> _YOUR INSTRUCTIONS_
Only the pictures are to be dropped, and the rest of the data should be copied exactly.

> _COLLECTED DATA_
++++++++++

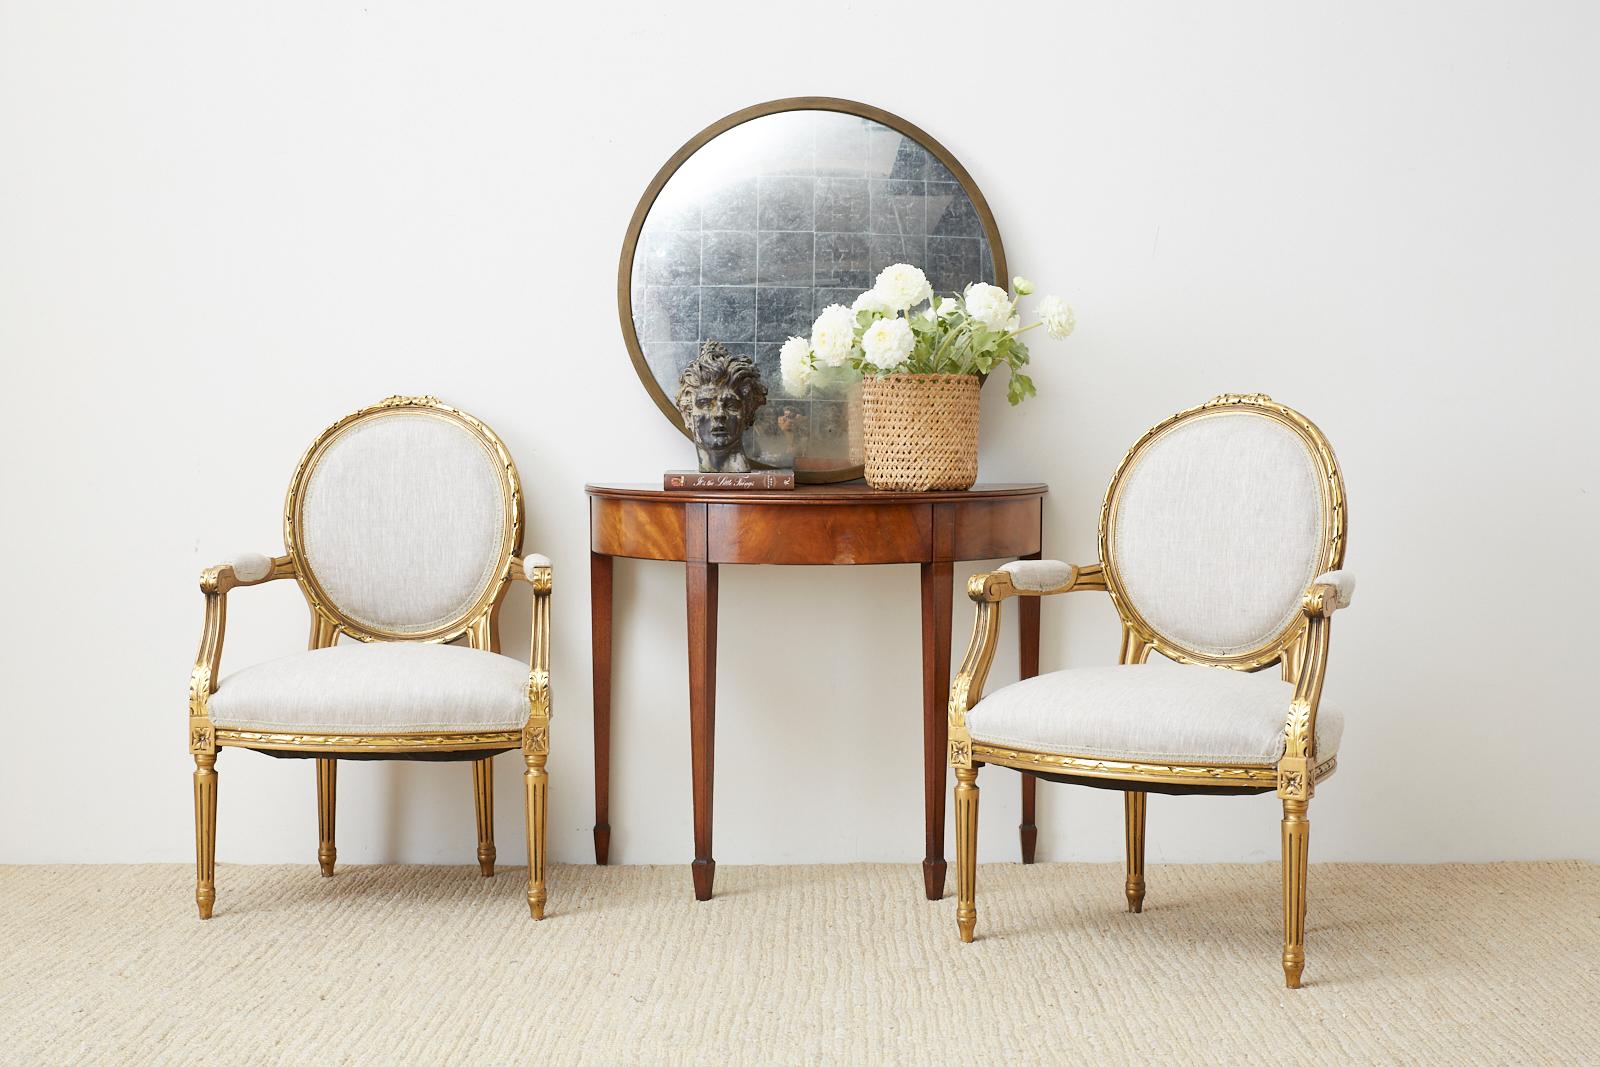 Lavish pair of French giltwood fauteuil armchairs hand carved in the Louis XVI taste. The beautiful frames have a round back and feature a new organic linen upholstery. The seats are embellished with decorative rosettes on the corners and they are
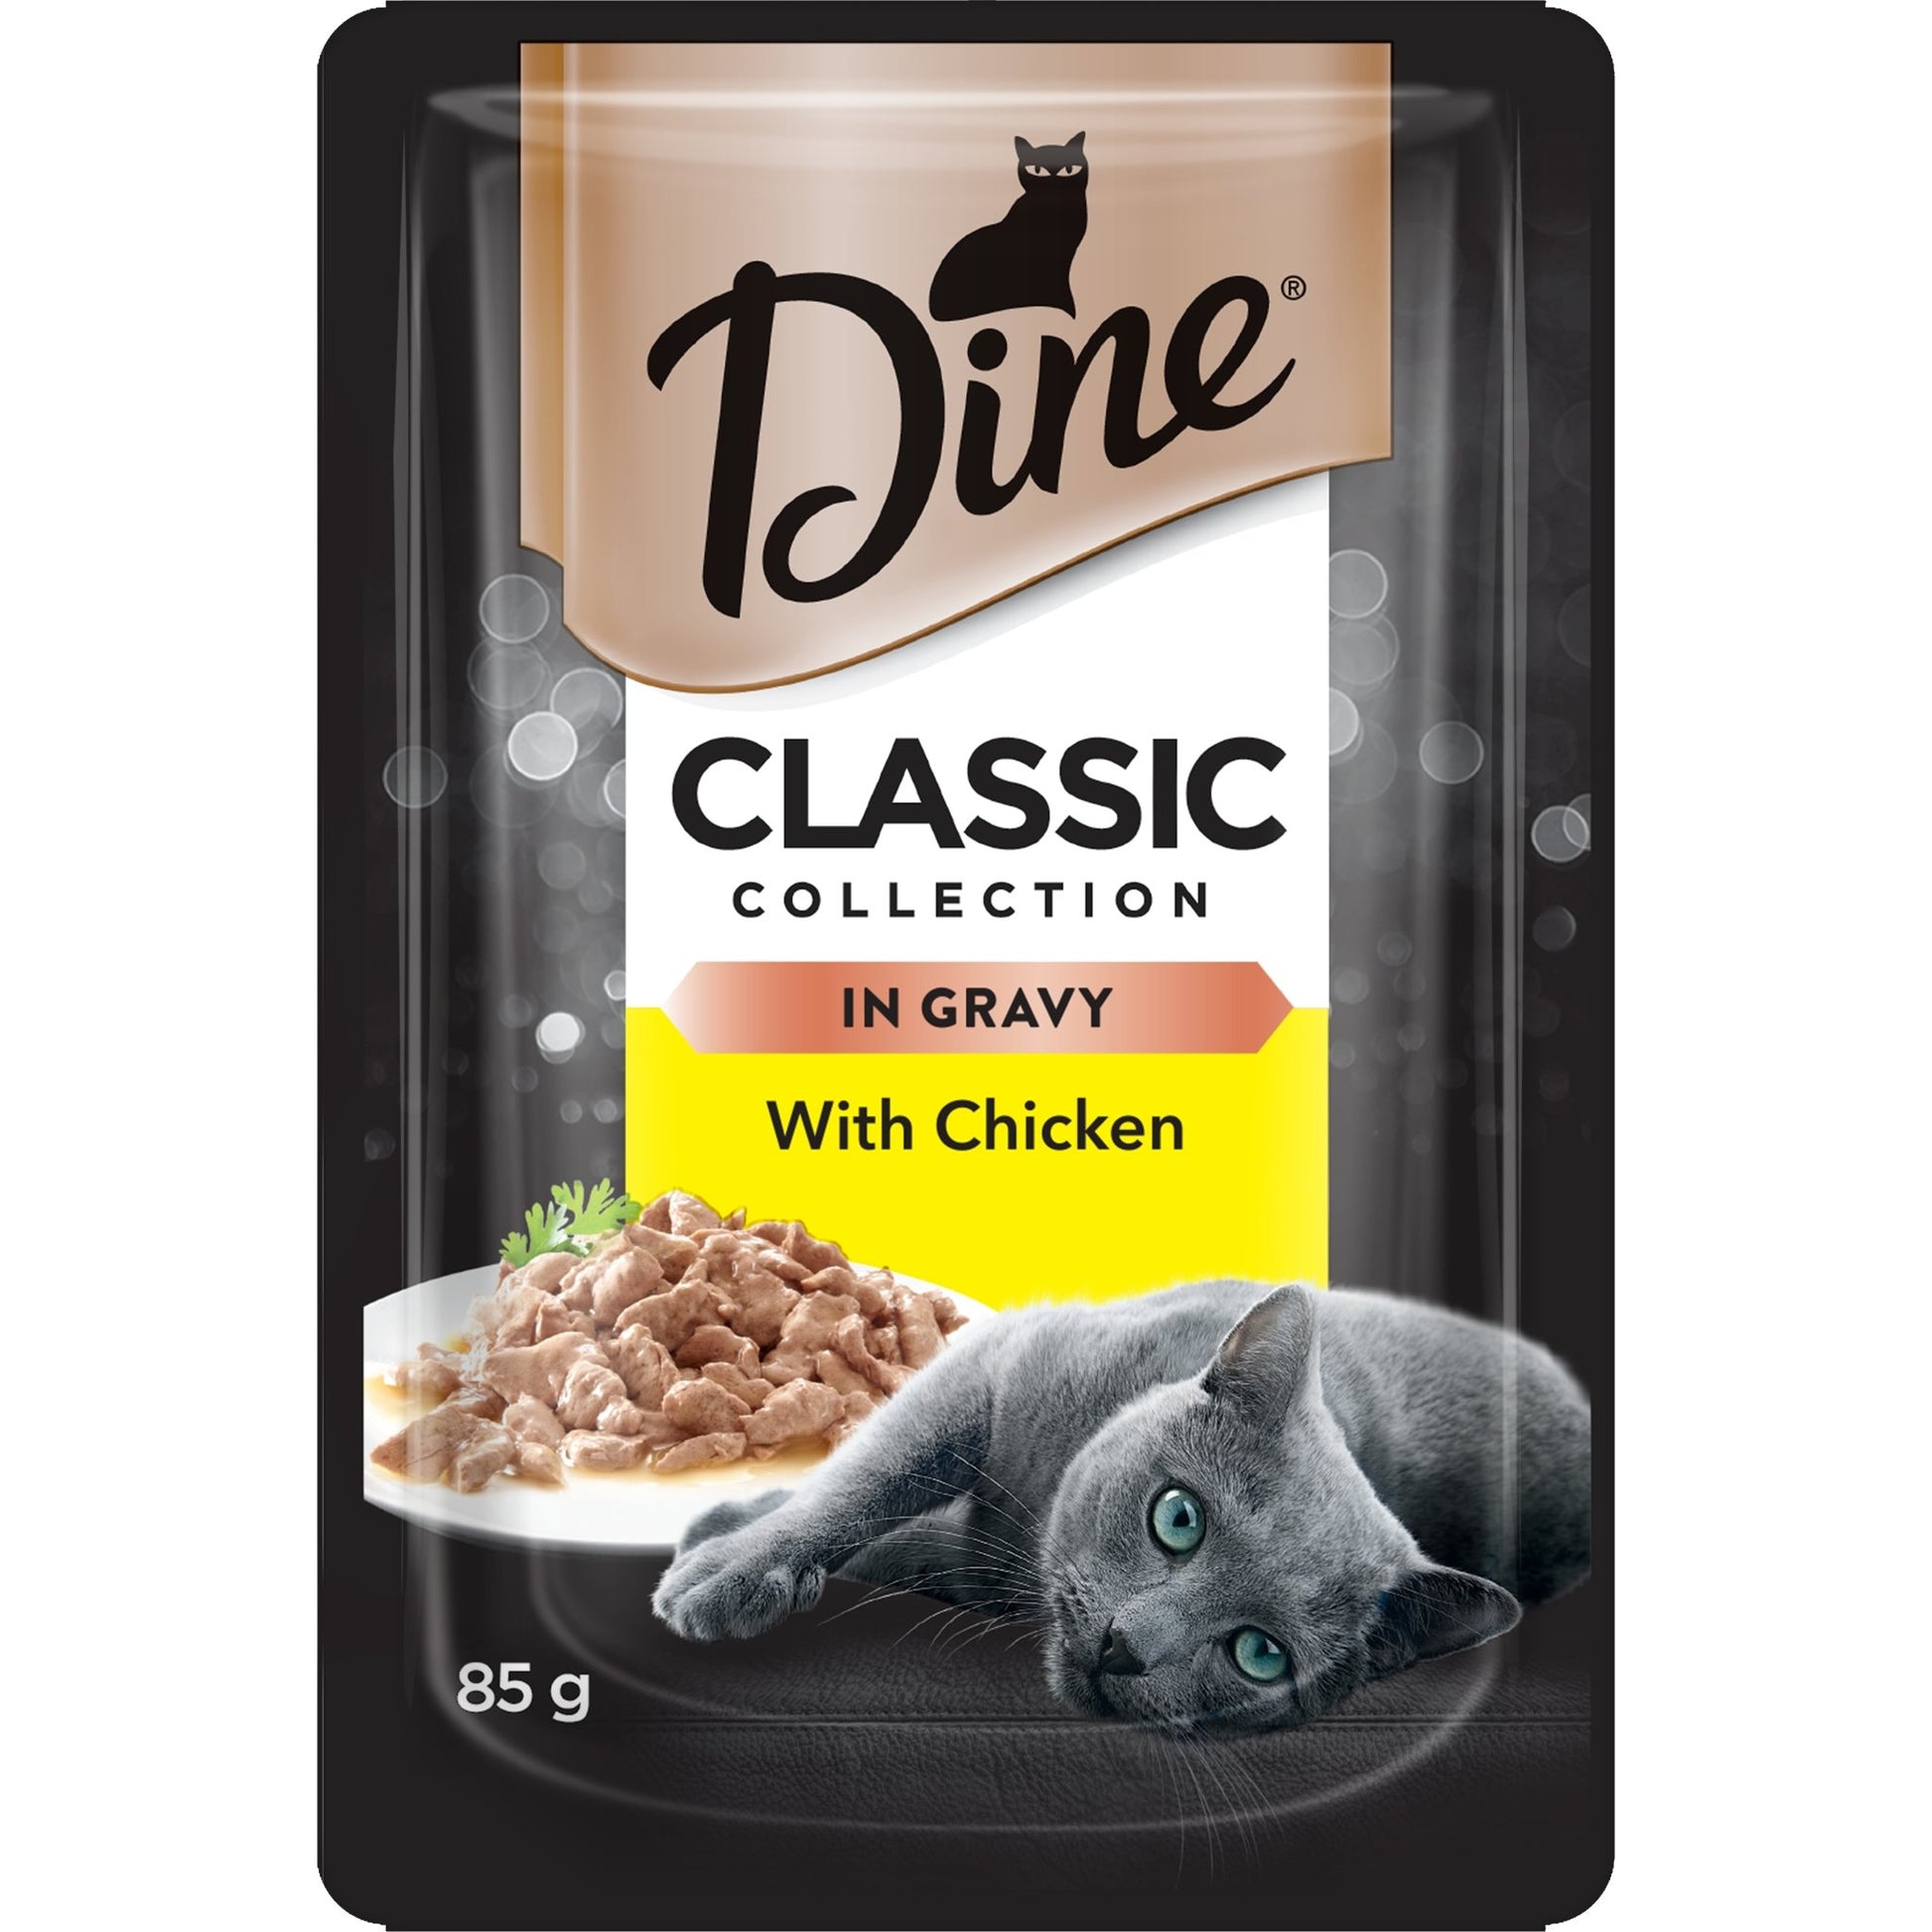 Dine Classic Collection Gravy with Chicken - Woonona Petfood & Produce
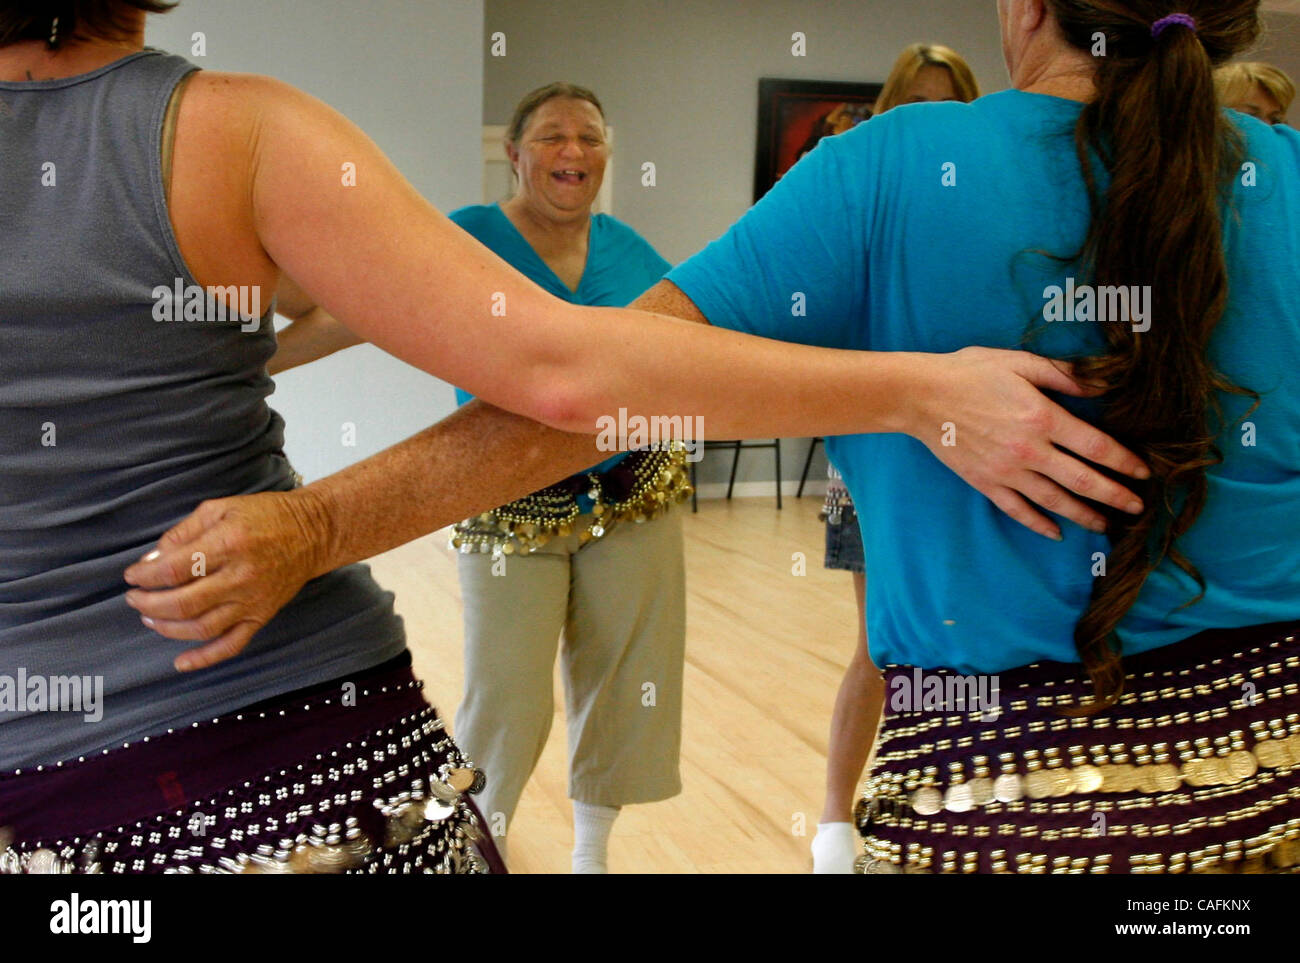 CAPTION: PHOTO 2:  (Hudson, 01/12/2008)  Kathy Bostick (center) is reflected in the mirror during Jackie Pearce's  beginning belly dancing class at Dancingly Yours on US Highway 19 in Hudson on Saturday, 1/12/08. For more information check their website www.dancingly-yours.com.  LANCE ARAM ROTHSTEIN Stock Photo

++++++++++

> _SOLUTION FOR THIS TASK_
 Lavish pair of French giltwood fauteuil armchairs hand carved in the Louis XVI taste. The beautiful frames have a round back and feature a new organic linen upholstery. The seats are embellished with decorative rosettes on the corners and they are
 Dine Classic Collection Gravy with Chicken - Woonona Petfood & Produce
 CAPTION: PHOTO 2:  (Hudson, 01/12/2008)  Kathy Bostick (center) is reflected in the mirror during Jackie Pearce's  beginning belly dancing class at Dancingly Yours on US Highway 19 in Hudson on Saturday, 1/12/08. For more information check their website www.dancingly-yours.com.  LANCE ARAM ROTHSTEIN Stock Photo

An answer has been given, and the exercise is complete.